Metadata-Version: 2.4
Name: fsga
Version: 1.1.8
Summary: Feature selection using a genetic algorithm
Author-email: Piotr Krzysztof <piotr@codextechnologies.org>
License: MIT
Project-URL: Homepage, https://github.com/zweiss/feature-selection-via-genetic-algorithm
Project-URL: Documentation, https://github.com/zweiss/feature-selection-via-genetic-algorithm/blob/main/README.md
Project-URL: Repository, https://github.com/zweiss/feature-selection-via-genetic-algorithm
Project-URL: Issues, https://github.com/zweiss/feature-selection-via-genetic-algorithm/issues
Keywords: genetic-algorithm,feature-selection,machine-learning,optimization,evolutionary-computation
Classifier: Development Status :: 3 - Alpha
Classifier: Intended Audience :: Science/Research
Classifier: License :: OSI Approved :: MIT License
Classifier: Programming Language :: Python :: 3.13
Classifier: Topic :: Scientific/Engineering :: Artificial Intelligence
Requires-Python: >=3.13
Description-Content-Type: text/markdown
Requires-Dist: numpy>=2.3.5
Requires-Dist: pandas>=2.3.3
Requires-Dist: scikit-learn>=1.7.2
Requires-Dist: matplotlib>=3.10.7
Requires-Dist: seaborn>=0.13.2
Requires-Dist: pyyaml>=6.0.3
Requires-Dist: scipy>=1.16.3
Provides-Extra: dev
Requires-Dist: pytest>=9.0.1; extra == "dev"
Requires-Dist: pytest-cov>=7.0.0; extra == "dev"
Requires-Dist: ruff>=0.14.5; extra == "dev"
Requires-Dist: mypy>=1.18.2; extra == "dev"
Requires-Dist: black>=25.11.0; extra == "dev"
Provides-Extra: viz
Requires-Dist: plotly>=6.4.0; extra == "viz"
Requires-Dist: ipywidgets>=8.1.8; extra == "viz"
Provides-Extra: ml
Requires-Dist: xgboost>=3.1.1; extra == "ml"
Requires-Dist: lightgbm>=4.6.0; extra == "ml"
Provides-Extra: notebooks
Requires-Dist: jupyterlab>=4.4.10; extra == "notebooks"
Provides-Extra: all
Requires-Dist: fsga[dev,ml,notebooks,viz]; extra == "all"
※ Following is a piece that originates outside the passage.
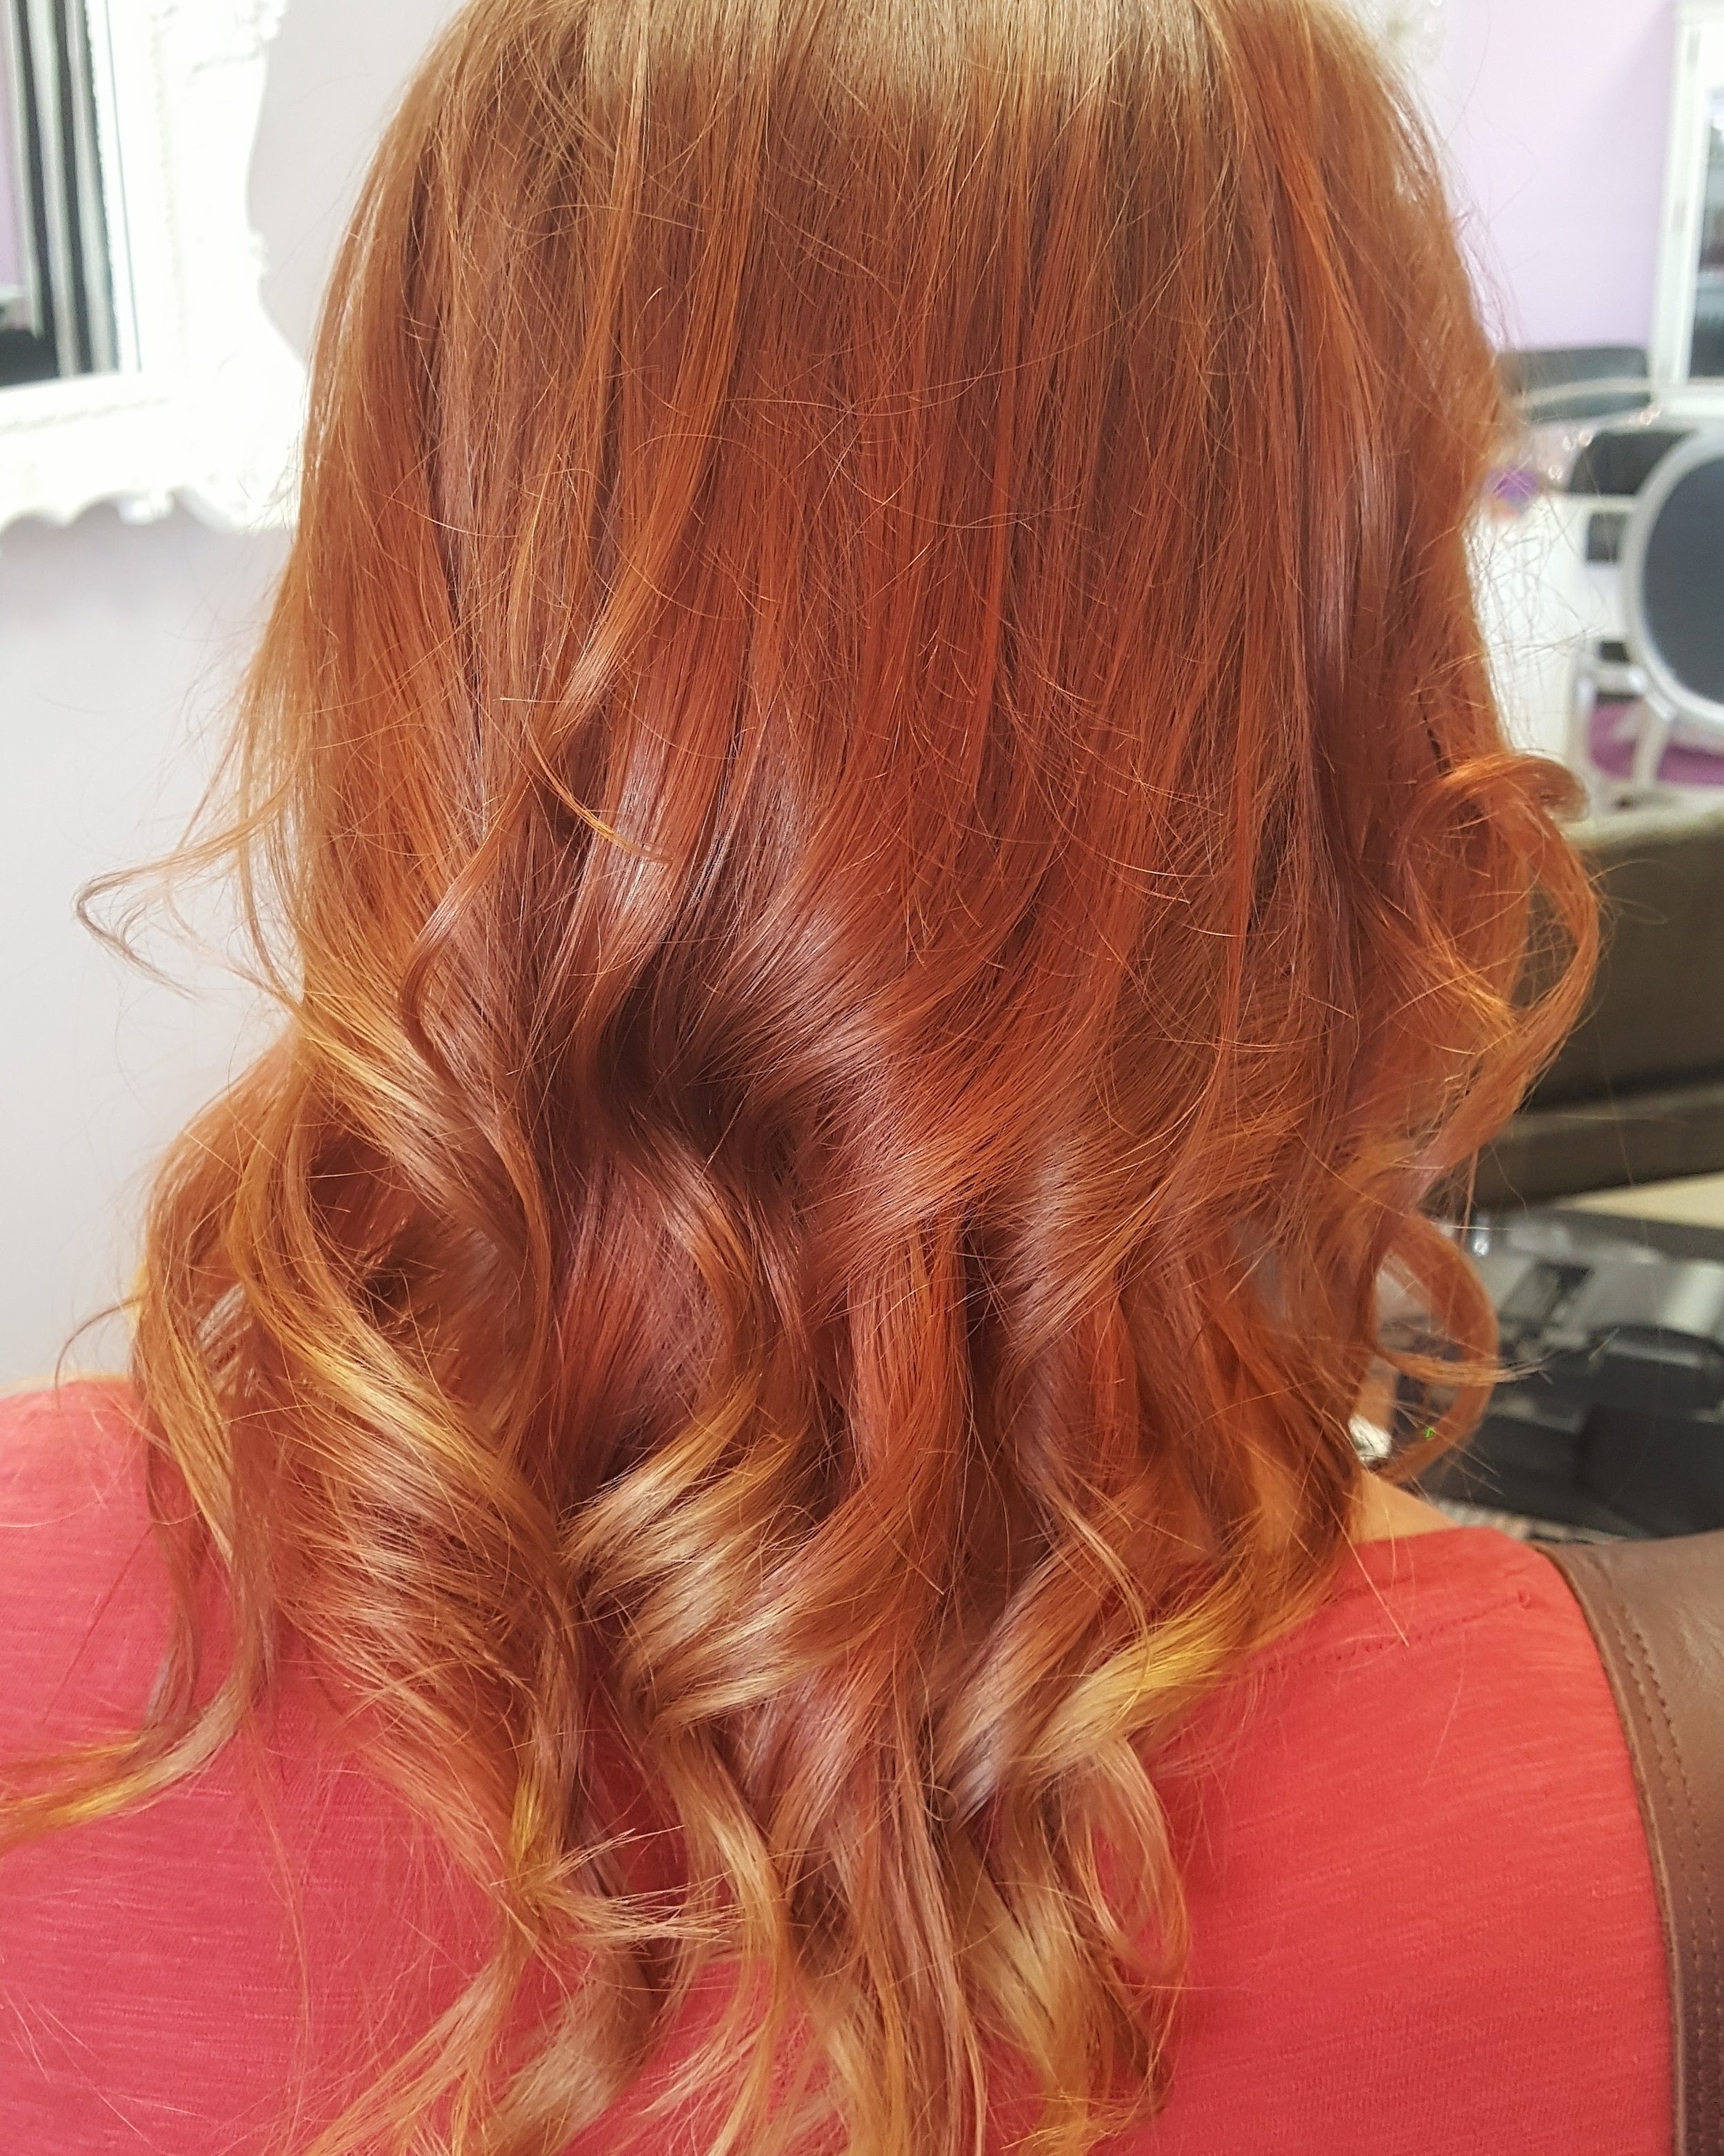 Intense Red/Copper with light ends
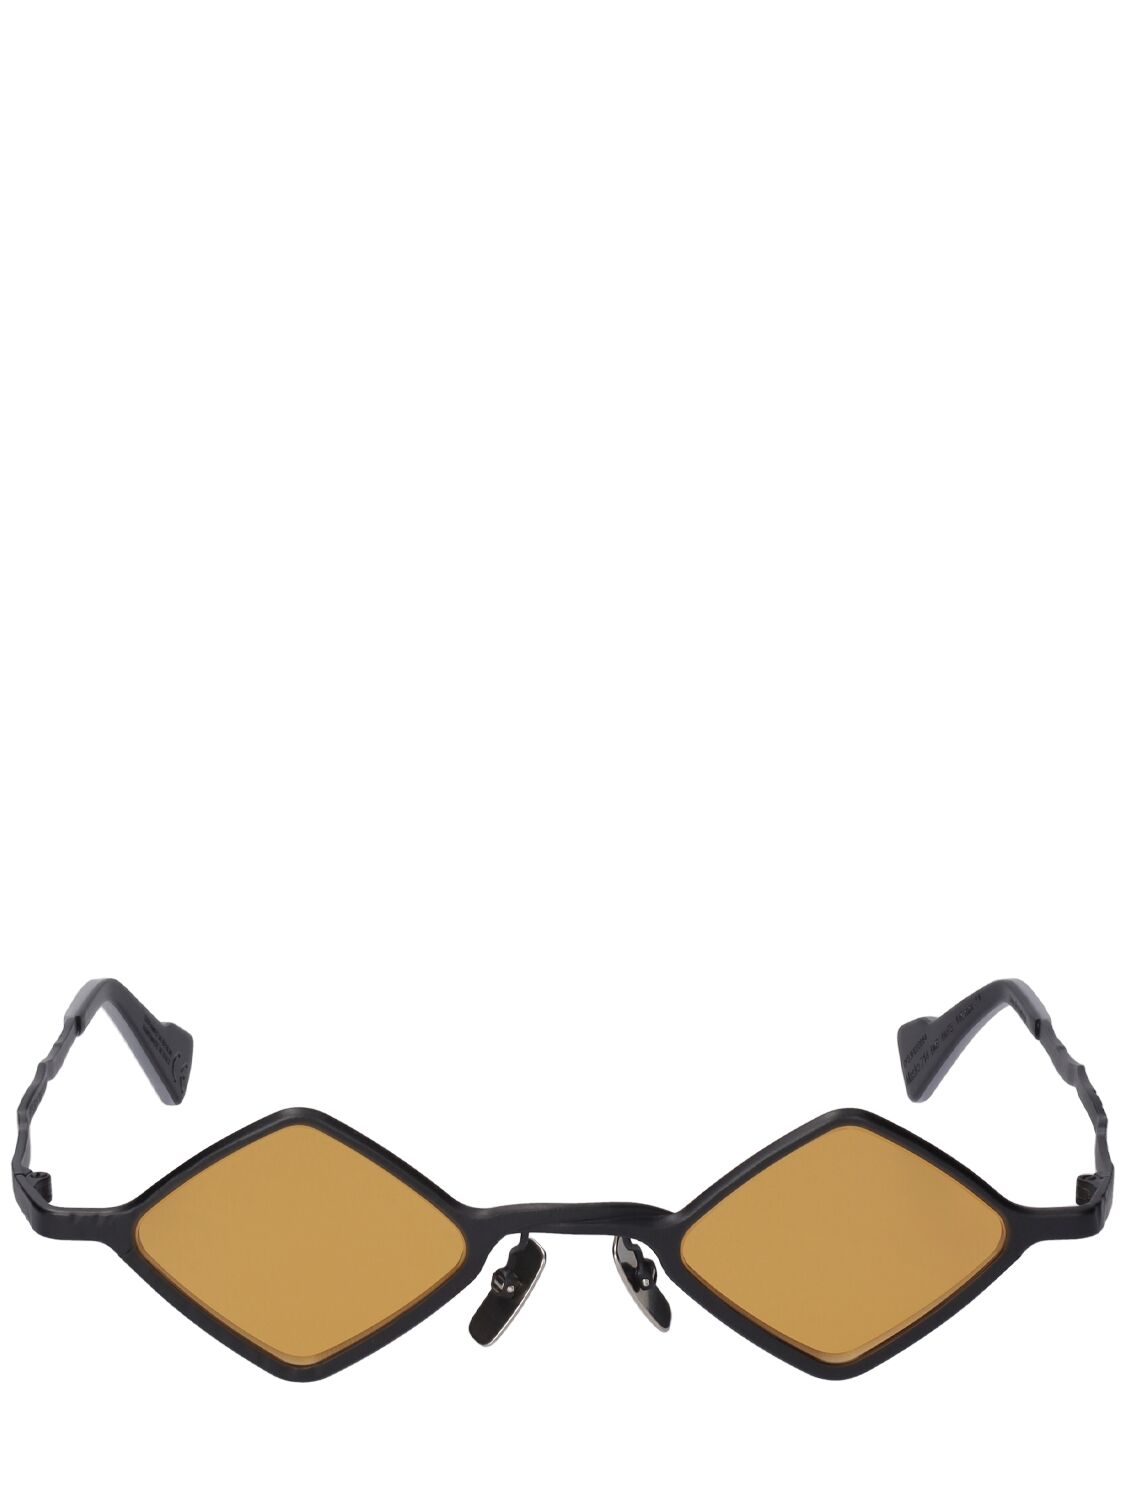 Image of Z14 Squared Metal Sunglasses

# Feature Selection via Genetic Algorithm (FSGA)

[![PyPI version](https://badge.fury.io/py/fsga.svg)](https://pypi.org/project/fsga/)
[![Total Downloads](https://static.pepy.tech/badge/fsga)](https://pepy.tech/project/fsga)
[![PyPI - Downloads](https://img.shields.io/pypi/dm/fsga)](https://pypi.org/project/fsga/)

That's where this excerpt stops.